Sorry, that's me 'fixing' clang-format which I stupidly forgot to run until just before submission.

This looks right, but we may lose some end-to-end tests, since right now we have a clang-level test that checks the builtin is lowered to the intrinsic, and (hopefully) a CG-level test that the intrinsic is lowered to the correct instruction.
Do you know if there are already CG tests that check we correctly lower these IR patterns to CVTPS2PD, etc? If not, could you add them?

I do have the relevant changes for llvm\test\CodeGen\X86\sse2-intrinsics-fast-isel.ll and llvm\test\CodeGen\X86\avx-intrinsics-fast-isel.ll (I spent most of last week adding them all.....). Do you want me to setup a separate llvm patch for review? I'm not ready to do the rest of the llvm work (removal of the llvm intrinsics / auto-upgrade etc.). but the fast-isel changes are very simple.

Sorry, I didn't intend to imply the rest of the llvm work is necessary for this to go in. Just that I'd be happier with this patch knowing that we have a regression test for doing the (shuffle + fpext, say) lowering correctly. I didn't even mean fast-isel, only the DAG.

RKSimon updated this revision to Diff 58146.May 23 2016, 1:27 PM
RKSimon edited edge metadata.

Sorry, I didn't intend to imply the rest of the llvm work is necessary for this to go in. Just that I'd be happier with this patch knowing that we have a regression test for doing the (shuffle + fpext, say) lowering correctly. I didn't even mean fast-isel, only the DAG.

The fast-isel tests are the most self contained (and are useful to show the non-optimized codegen for every intrinsic in the headers).
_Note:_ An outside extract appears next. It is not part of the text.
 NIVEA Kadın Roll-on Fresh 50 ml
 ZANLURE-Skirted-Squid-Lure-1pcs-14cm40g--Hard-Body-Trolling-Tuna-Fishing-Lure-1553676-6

I can submit them now if you wish.

Presumably, the fast-isel lowering of the IR pattern is already correct, and in any case, it isn't affected by this patch.
I just want to make sure we don't regress the optimized DAG codegen - that is, it still produces the instruction we'd expect from the intrinsic (or something at least as good).

Presumably, the fast-isel lowering of the IR pattern is already correct, and in any case, it isn't affected by this patch.
I just want to make sure we don't regress the optimized DAG codegen - that is, it still produces the instruction we'd expect from the intrinsic (or something at least as good).
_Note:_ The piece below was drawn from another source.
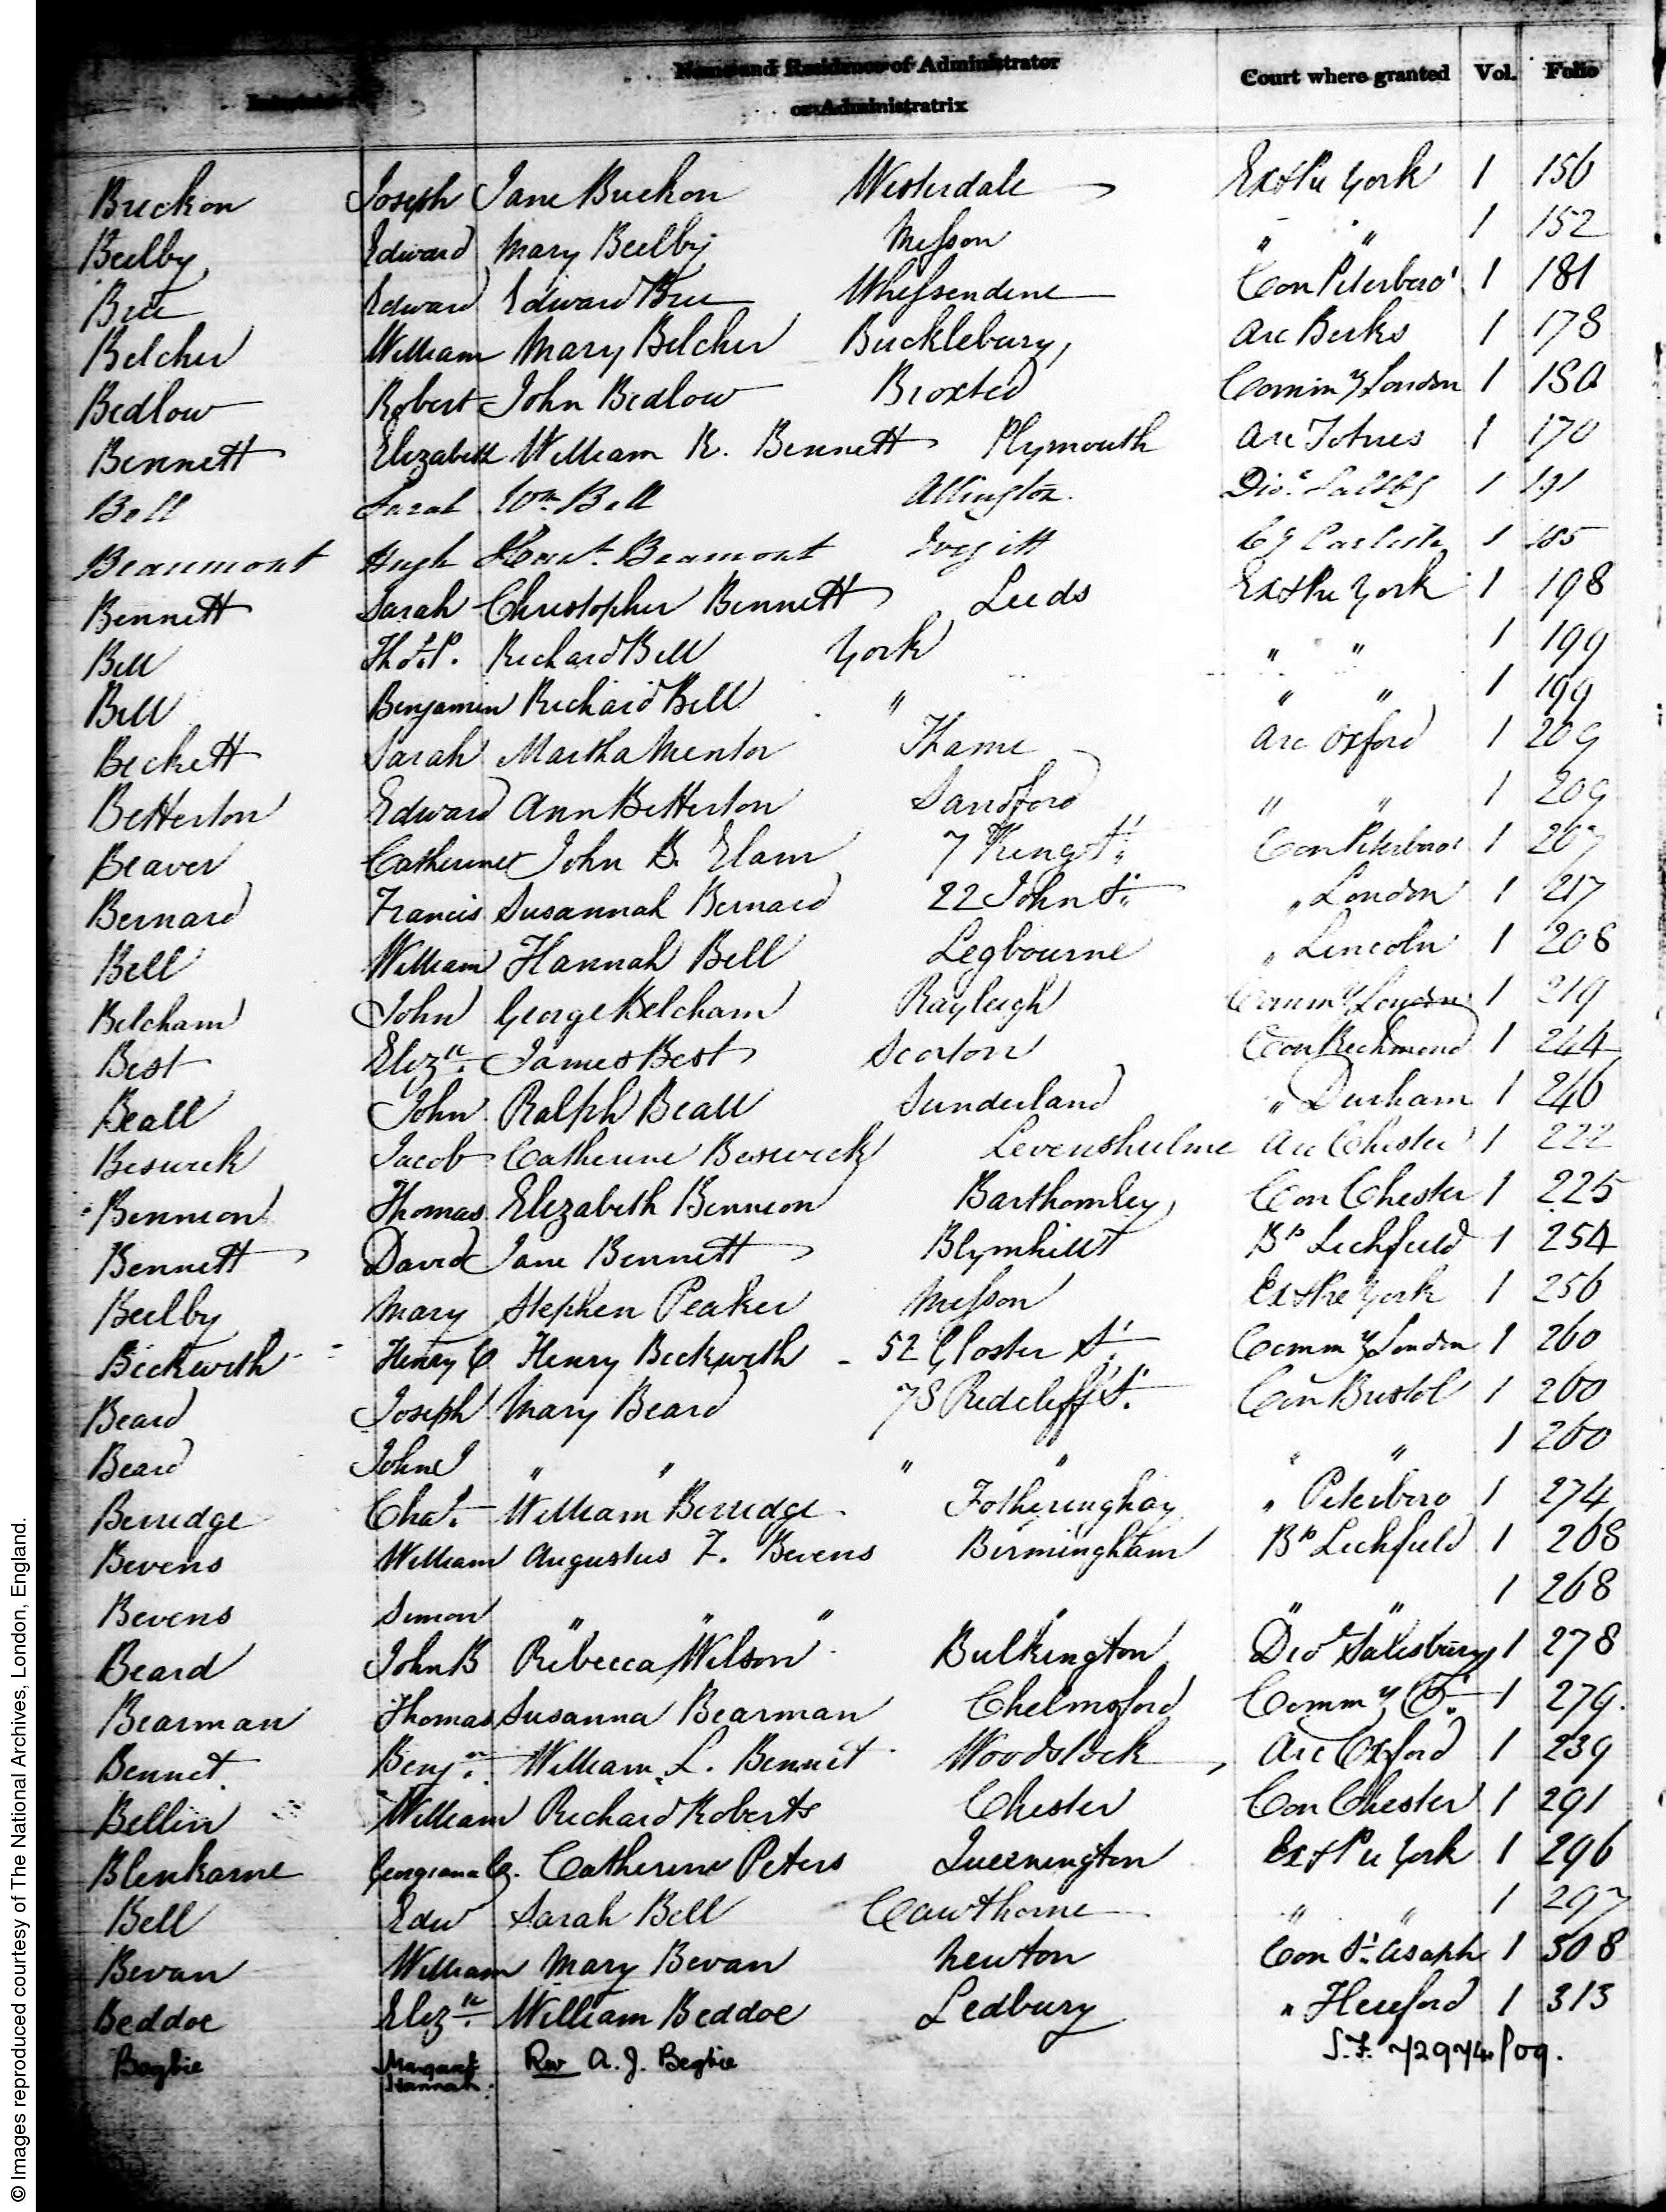 Thomas Bearman listed in the Index to Death Duty Registers 1827, Susanna Bearman as executrix

The existing llvm\test\CodeGen\X86\vec_fpext.ll and llvm\test\CodeGen\X86\vec_int_to_fp.ll already demonstrate the correct optimized DAG codegen using the same IR as output in the clang\test\CodeGen\*-builtins.c here.
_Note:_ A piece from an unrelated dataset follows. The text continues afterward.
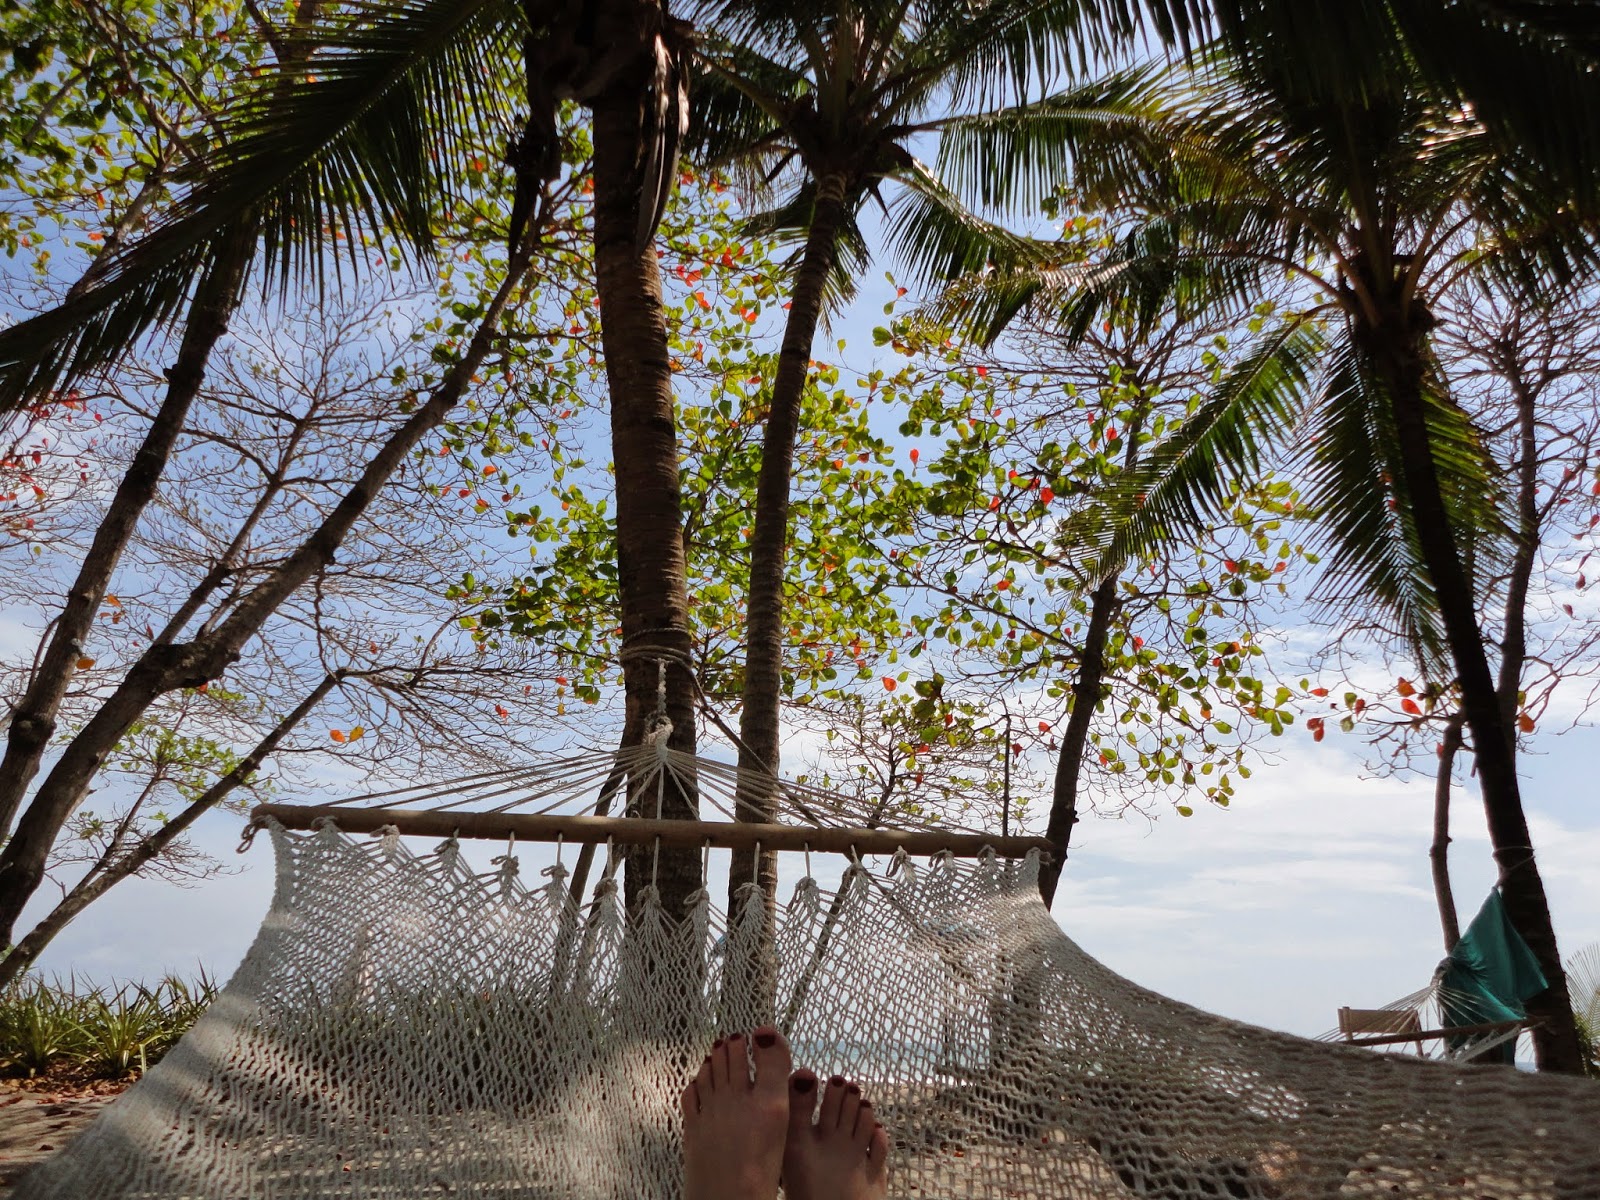 a hammock under palm trees

Also, the aim is to keep the llvm\test\CodeGen\X86\*-intrinsics-fast-isel.ll tests in sync with the llvm\tools\clang\test\CodeGen\*-builtins.c equivalents.

mkuper accepted this revision.May 23 2016, 3:05 PM
mkuper edited edge metadata.

The existing llvm\test\CodeGen\X86\vec_fpext.ll and llvm\test\CodeGen\X86\vec_int_to_fp.ll already demonstrate the correct optimized DAG codegen using the same IR as output in the clang\test\CodeGen\*-builtins.c here.

That's what I meant by "Do you know if there are already CG tests that check we correctly lower these IR patterns", sorry I wasn't more clear.
This LGTM.

This revision is now accepted and ready to land.May 23 2016, 3:05 PM
This revision was automatically updated to reflect the committed changes.